Kawan, mungkin aku terlalu lama pergi. Aku belum bisa kembali bersamamu karena belum selesai studiku. Sekarang kamu tidak perlu menunggu aku kembali lagi, aku akan mendoakanmu selalu. Selamat jalan kawan.

Kalu dilihat dari keluarganya, mungkin keluarganya tidaklah keluarga yang sempurnya. Ayah dan ibunya telah berpisah semenjak dia masih kecil. Dia tumbuh tanpa adanya bimbingan dan arahan seorang ayah, dan ibunya yang seharusnya juga membimbing dan mendidiknya juga disibukkan untuk bekerja mencari nafkah keluarga. Sedangkan kakak-kakak perempuannya juga pergi merantau untuk membantu perekonomian keluarga. Zainal adalah anak laki-laki tunggal di keluarganya dan seharusnya dialah menjadi harapan keluarga, tapi kondisi fisiknya yang lemah dan banyaknya tekanan-tekanan mental yang dihadapinya.

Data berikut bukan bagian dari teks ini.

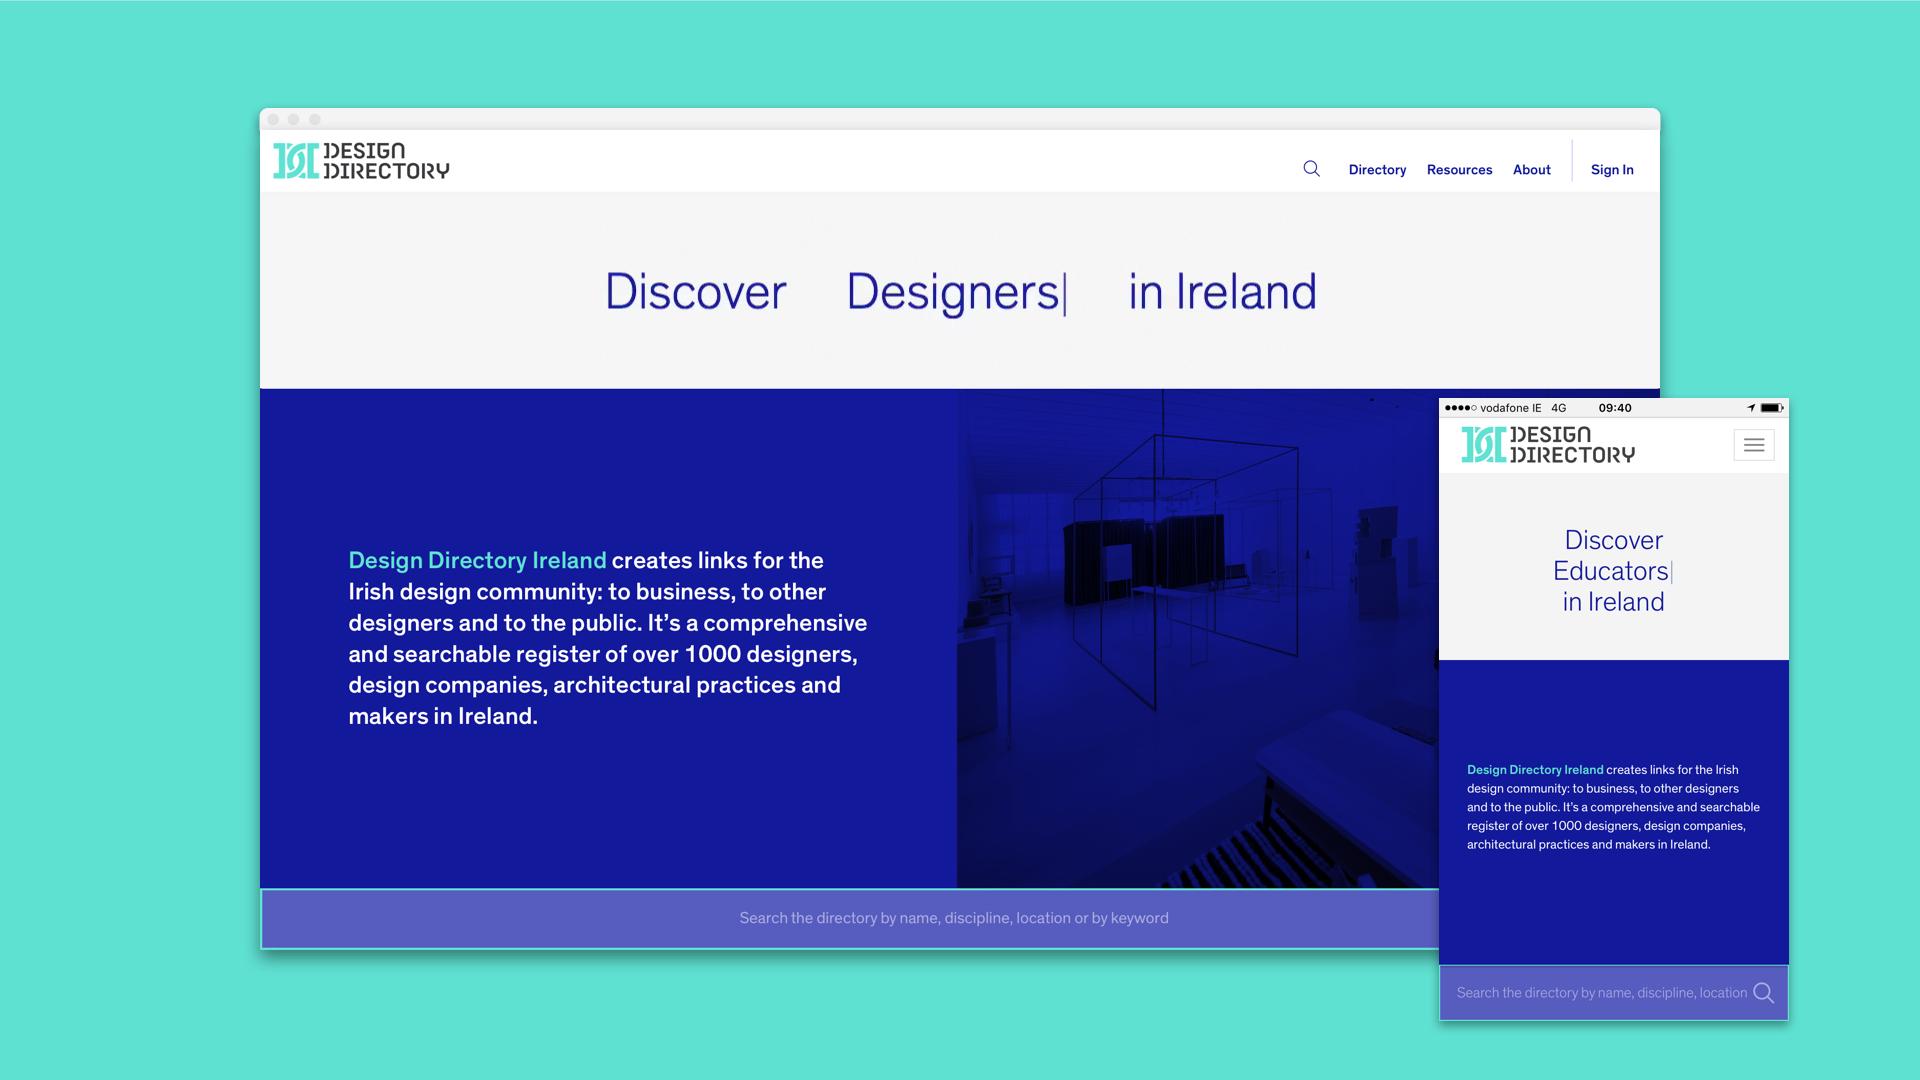 Cover image: Design Directory Ireland

Sebagai seorang anak laki-laki, ibunya ingin kalau dia itu begini dan begitu sesuai dengan kemauan ibunya. Ibunya memiliki segudang harapan untuknya, tapi Zainal bukanlah seorang anak yang sempurna. Dia ingin bermain bersama teman-teman seusia dia, dan dia juga ingin tampil seperti teman-temanya kebanyakan. Tapi dia tidaklah memiliki apa yang menjadi milik teman-temannya itu, dia adalah seorang anak yang memiliki keterbatasan ekonomi. Dia juga tidak memiliki teman yang pas untuk mencurahkan rasa gundahnya, sedangkan ibunya tidaklah bisa dijadikan tempat bersandar untuk masalah hatinya. Dia frustasi dan dia sters memikirkan itu semua. Ibunya hanya bisa melarang dia begini dan begitu, melarang ke sini dan ke situ tanpa ada solusi yang jelas atau jalan keluar yang pas untuknya. Kepada siapalah dia mengadu saat itu, sedangkan kepada Allah Ta'ala dia jauh.

"Ya Allah! Hanya kepadaMulah kami berserah diri dan mencurahkan seluruh isi hati kami ini. Engkaulah sebaik-baik tempat mengadu." itulah yang ku fikirkan dalam hati ini.